Exactly as written, set down each line of the data below except its pictures.

Top of Given data

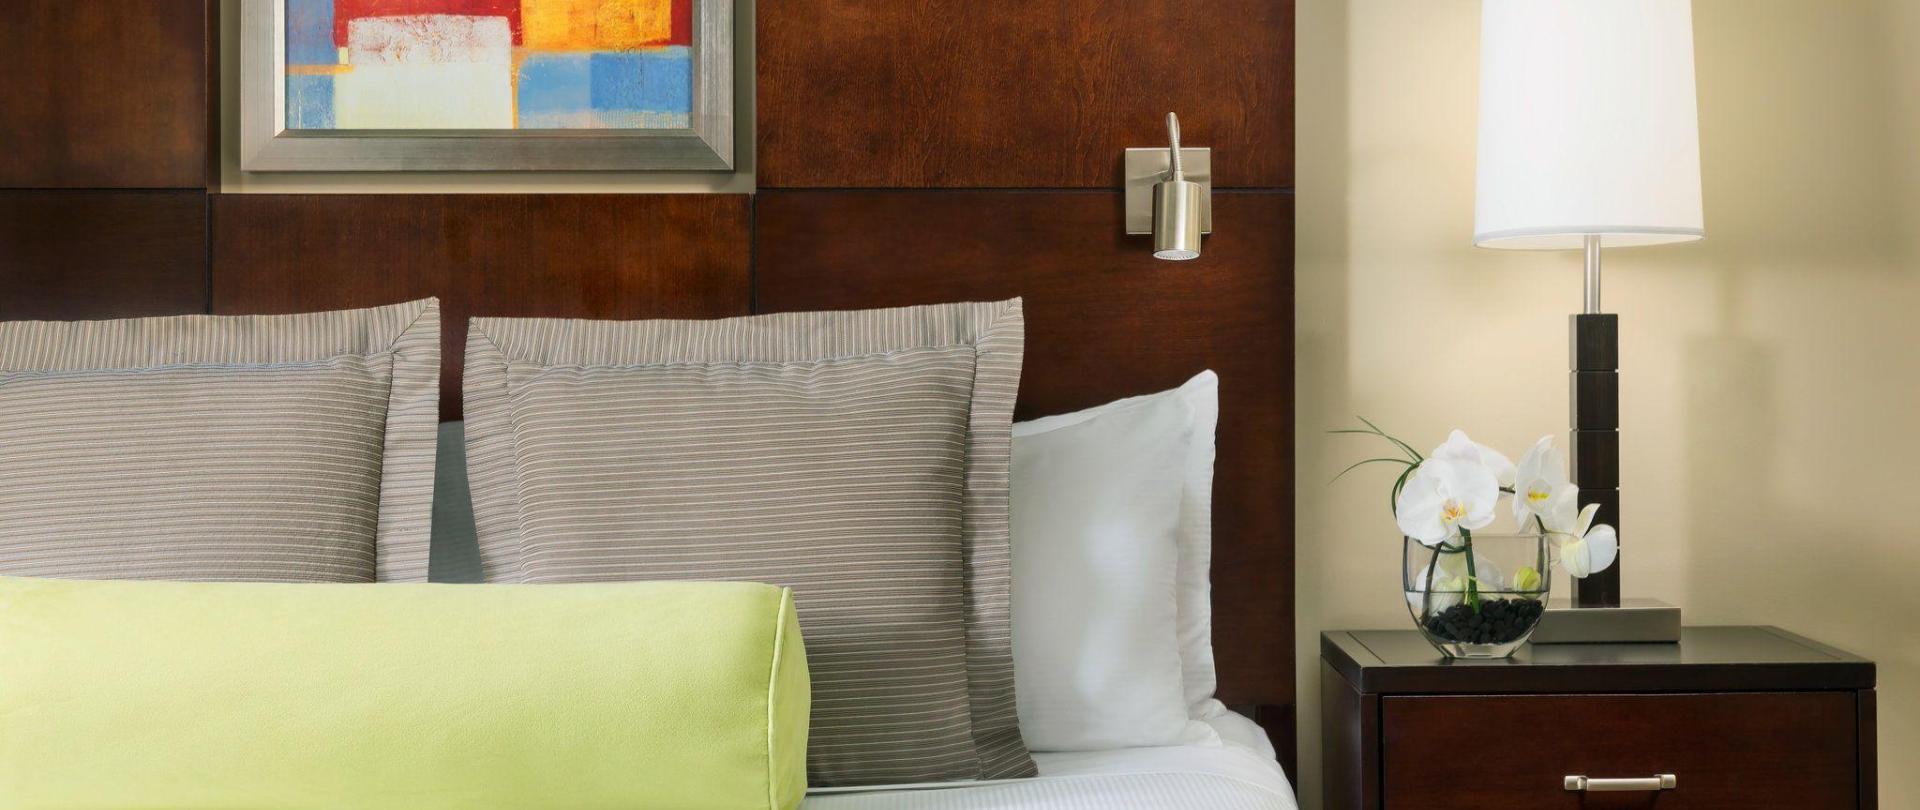 hotel-mela-guestroom-nightstand-2.jpg
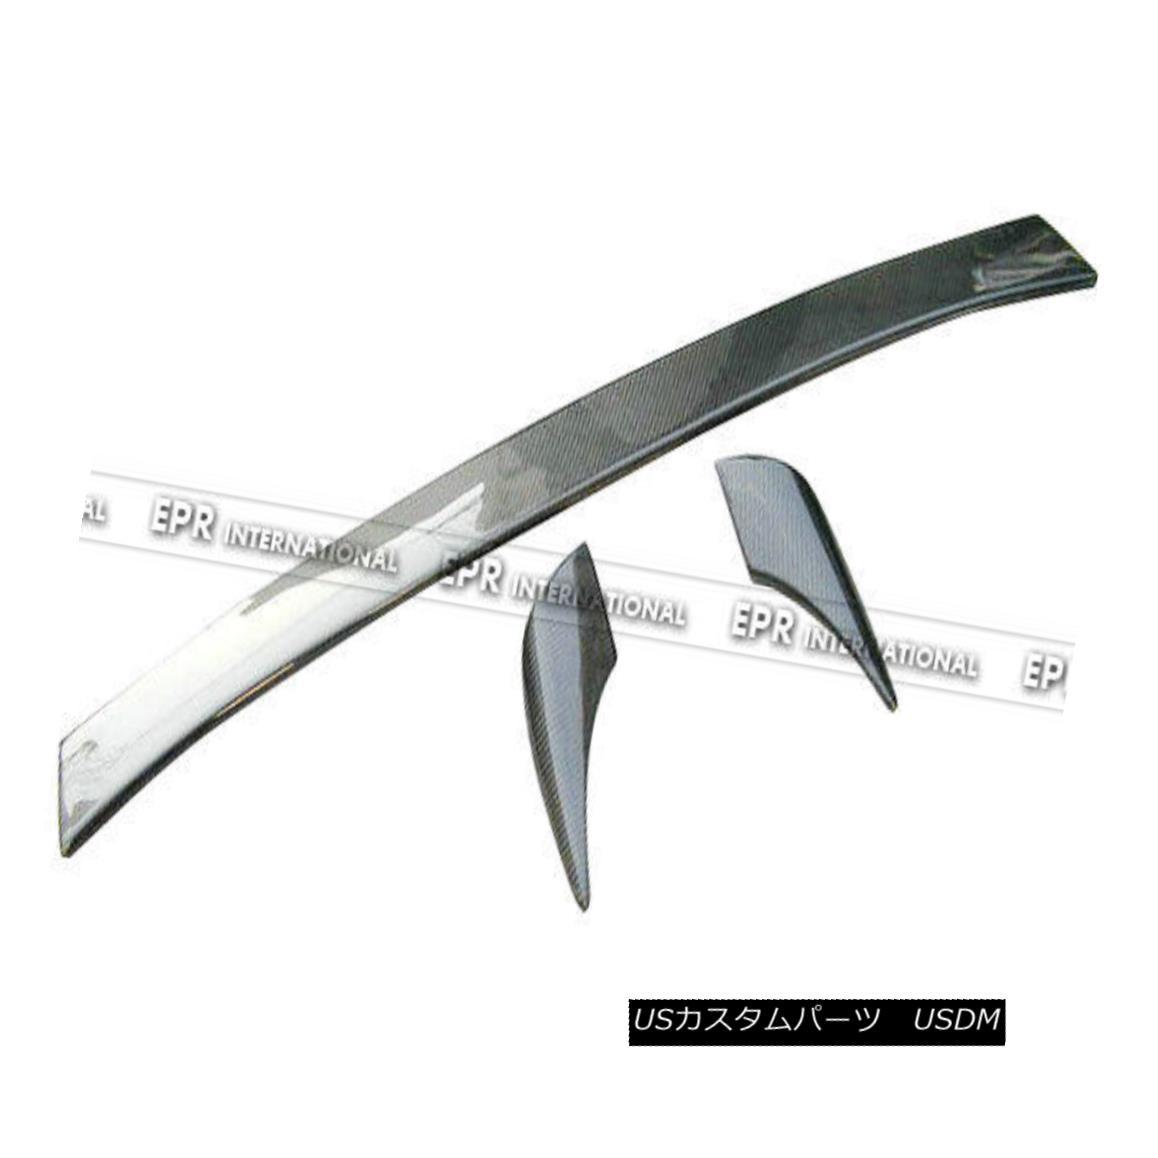 エアロパーツ ABC Origin Trunk Spoiler Wing Lip For Nissan 200SX S14 Silvia Carbon Fiber Craft 日産200SX S14のためのABC起源トランクスポイラーウイングリップシルビア炭素繊維工芸品
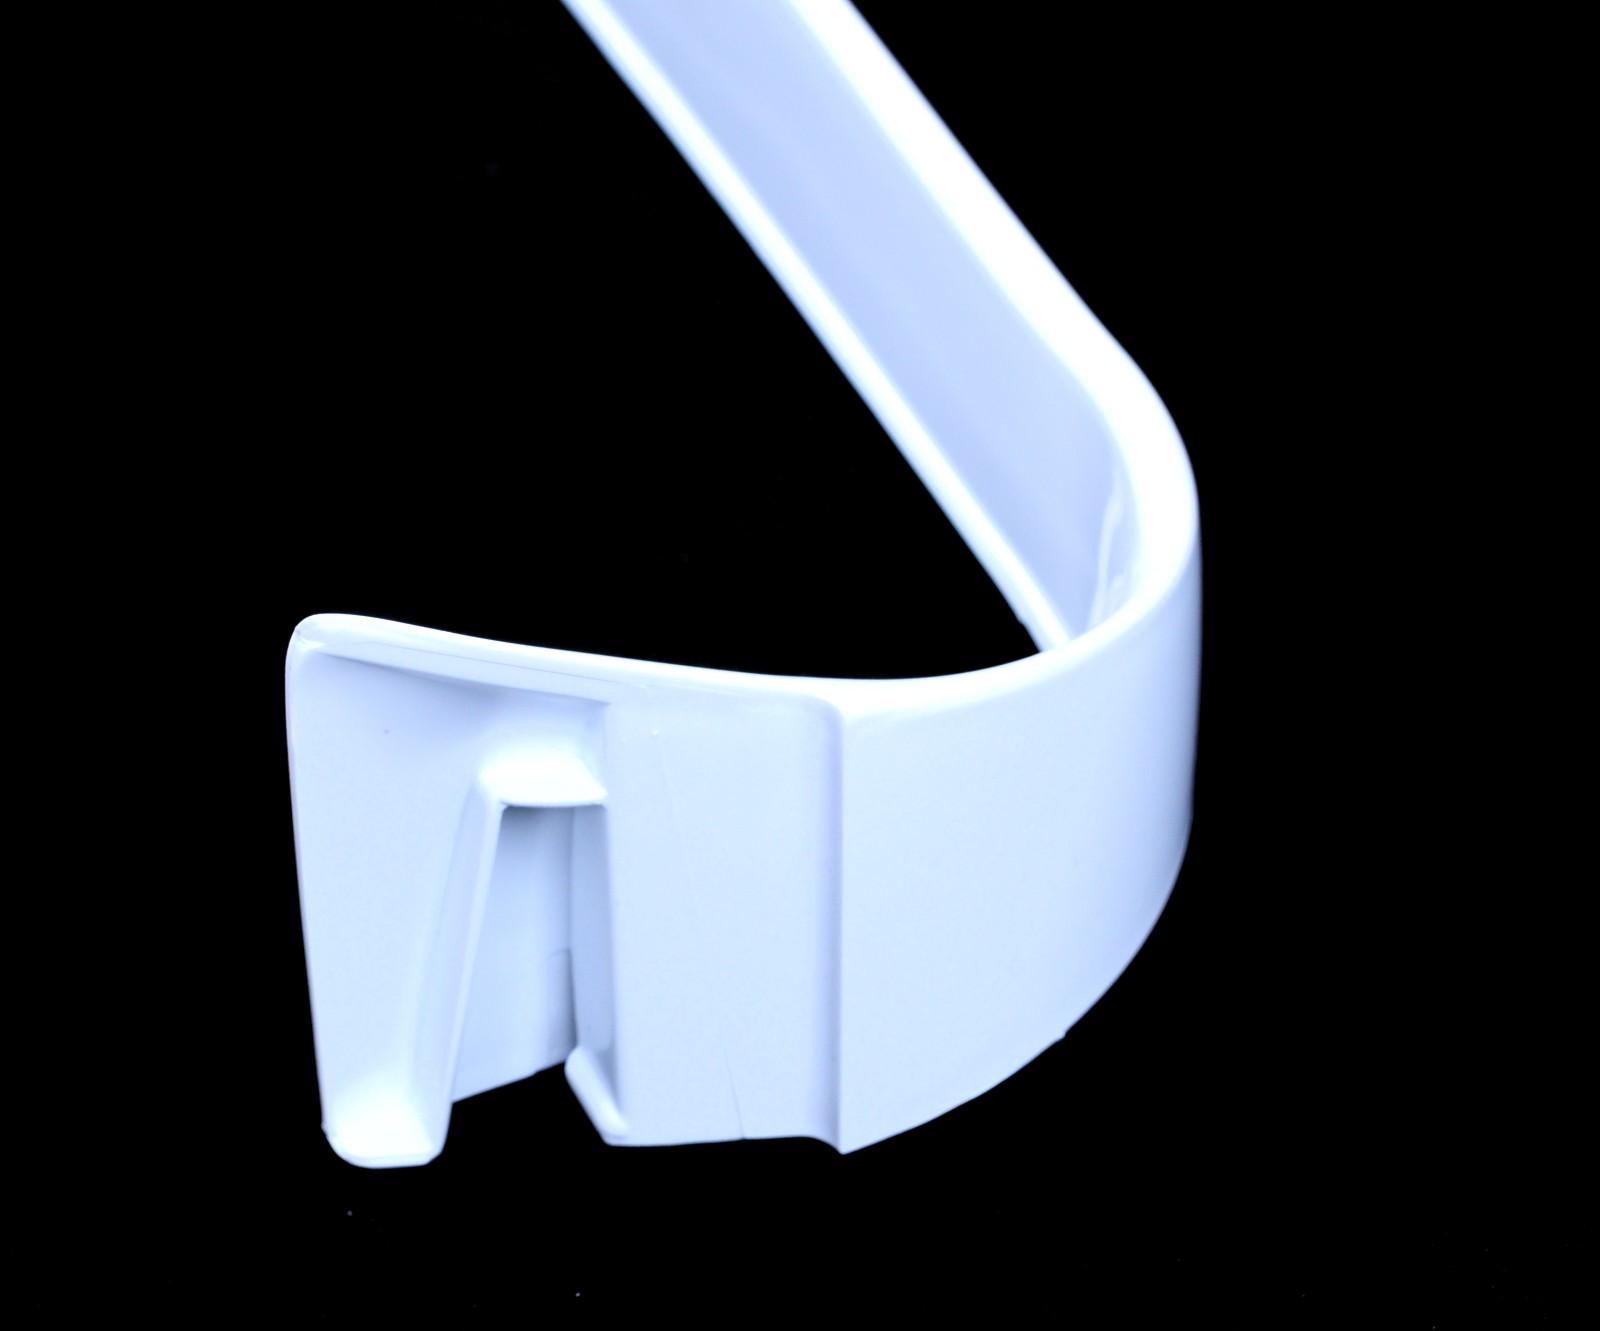 Kühlschrank Zubehör Glasplatte : Aeg privileg flaschenhalter getränkehalter kühlschrank

Bottom of Given data

### Completed task
 hotel-mela-guestroom-nightstand-2.jpg
 エアロパーツ ABC Origin Trunk Spoiler Wing Lip For Nissan 200SX S14 Silvia Carbon Fiber Craft 日産200SX S14のためのABC起源トランクスポイラーウイングリップシルビア炭素繊維工芸品
 Kühlschrank Zubehör Glasplatte : Aeg privileg flaschenhalter getränkehalter kühlschrank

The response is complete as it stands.